Её живот ещё не успел округлиться, но Микаса чувствует, как в ней что-то меняется. С ней едет её ребёнок.
А ещё с ней едет отец этого ребёнка. Естественно, Леви не стал удерживать Микасу, подрезать ей крылья, вынуждать нарушить обещание. Естественно, он её не покинул.
Микаса сперва подумала, что это ужасная идея: зачем ей приводить к Эрену того, кто занял его место? Зачем Леви бросать свой дом, своё дело, своих подопечных и срываться в Парадиз, где его никто не ждёт и куда он не хочет возвращаться? Да вдобавок его нога: ему ходить-то трудно – а как он перенесёт путешествие?
Но попробуйте-ка сами переть поперёк Леви. Он всё обдумал, всё просчитал. Микаса обещала вернуться на Парадиз? Она вернётся. А он будет рядом, оберегать её и ребёнка. Чайная лавка уж как-нибудь обойдётся месяц-другой без своего хозяина: Фалько с Габи – толковые ребята, а сам Леви может авралом переделать большую часть своей работы на недели вперёд. А нога... да всё с его ногой нормально, закрыли тему.
***
Кто-то из пассажиров думает, что вот, молодая девушка заботится о мужчине-инвалиде – то ли родственнике, то ли работодателе. Этот кто-то ошибается: на самом деле, это мужчина заботится о своей женщине.
Леви и раньше спал всего по несколько часов – теперь он спит и того меньше. Скорее, проваливается в полудрёму – но в любой момент готов подхватиться и среагировать.
Путешествие по суше, по морю и снова по суше – непростая задача само по себе. Особенно ранней весной. Особенно через вытоптанные титанами земли. Особенно из Марли в Парадиз.
А тут ещё положение Микасы. Леви уважает её силу – и моральную, и физическую; он не сомневается в ней как в бойце. Но он не представляет, что с ней может произойти сейчас. Вдруг ей станет плохо? Вдруг кто-то из агрессивных марлийцев узнает в ней элдийку?
В общем, у Леви практически ни минуты покоя. Он так сосредоточен на высматривании угрозы, намёков на угрозу и намёков на намёки на угрозу, что почти забывает о больной ноге: сила воли и мощная концентрация творят чудеса.
***
Микаса замечает эту заботу – хотя Леви усердно старается не палить своё беспокойство. На неё снова накатывают тёплая благодарность и щемящая нежность. Когда они остаются вдали от остальных и смотрят на морской закат, Микаса почти решает взять Леви за руку. Почти. Она этого не делает. Потому что она возвращается к Эрену.
Леви низко надвигает шляпу, высоко поднимает ворот. Его не узнают – но его внешность всё равно привлекает внимание обывателей.
- Эй, молодой человек! – окликает их торговка. – Ой... – тушуется она, когда Леви поворачивается к ней.
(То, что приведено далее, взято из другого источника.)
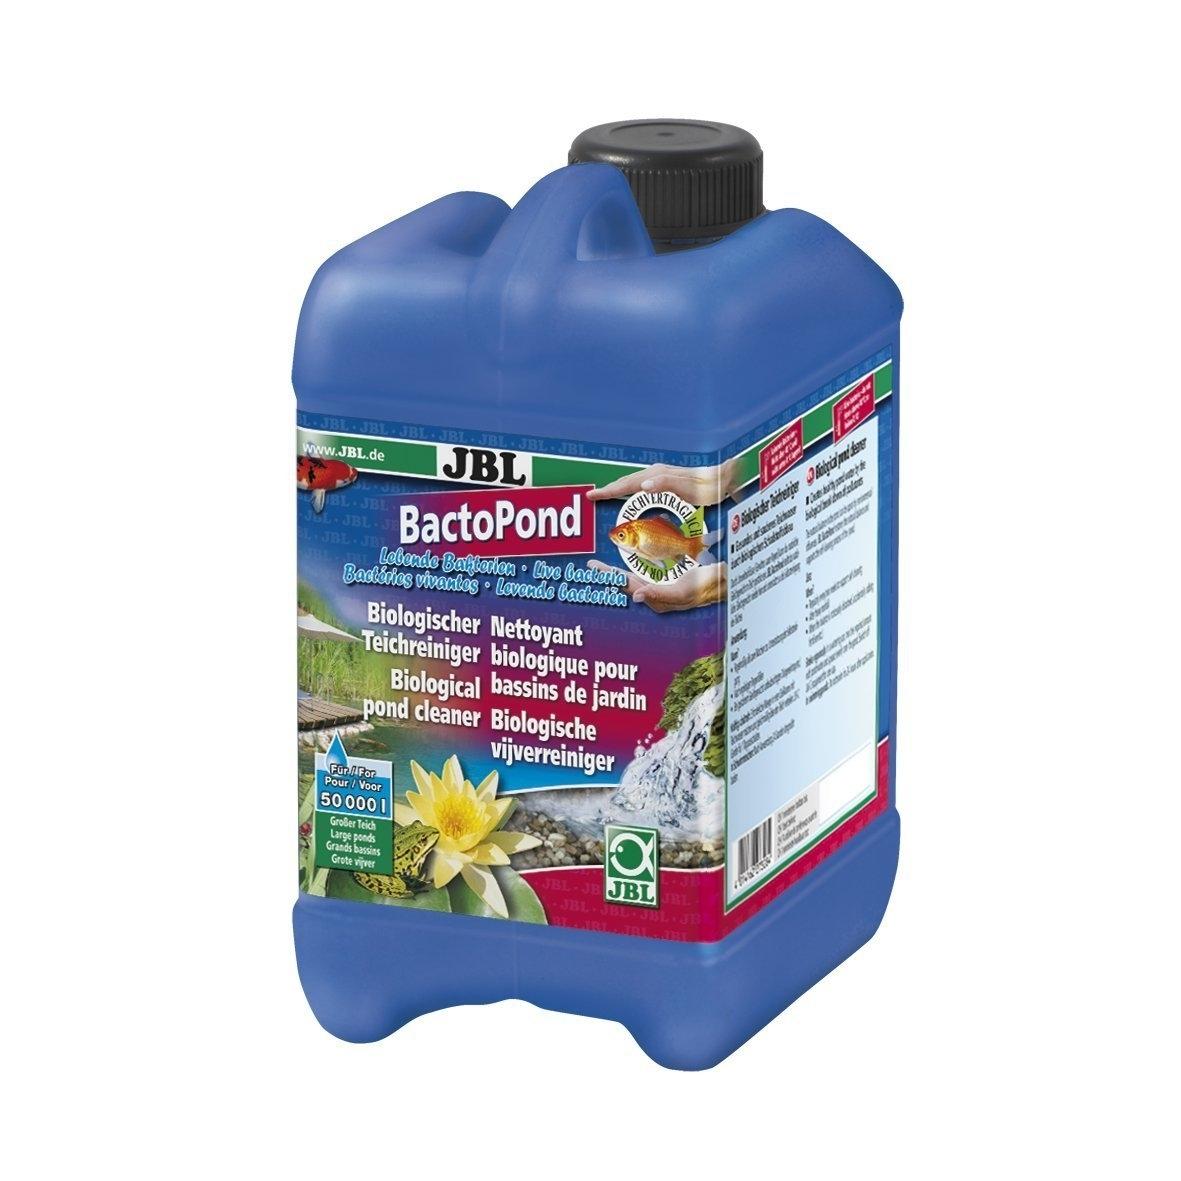 JBL BactoPond Bakterien zur Selbstreinigung vom Teich, 2,5 l

Дворовая ребятня с любопытством пялится и шушукается, наконец выталкивает лопоухого делегата, и тот, с напором, прикрывающим неуверенность, спрашивает, мол, дядь, чё у тебя с лицом.
Краем уха Микаса слышит, как их возничий, распрягая лошадей, зацепился языками с товарищем и рассказывает о пассажирах – «девчуле» и «коротышке».
Воспоминание обжигает стыдом. Микаса и сама когда-то звала Леви «коротышкой». Она с тех пор подросла – а он остался всё таким же, только шрамов прибавилось.
Сейчас у Микасы язык не повернулся бы назвать Леви «коротышкой» – даже за глаза, в порыве злости или в шутку. Она слишком его уважает, но дело не в этом: он такой мужественный и уверенный в себе, что она вспоминает о разнице в росте, только когда при поцелуе не он наклоняется к ней, а она к нему. Но как только стало известно о её беременности, они перестали целоваться. Она отгородилась от него – чтобы скорее отвыкнуть.
Если ребёнок будет хотя вполовину таким же сильным, как Леви, это будет замечательно. Если ребёнку не придётся искать спасения в почти сверхъестественной силе Аккерманов, это будет счастьем.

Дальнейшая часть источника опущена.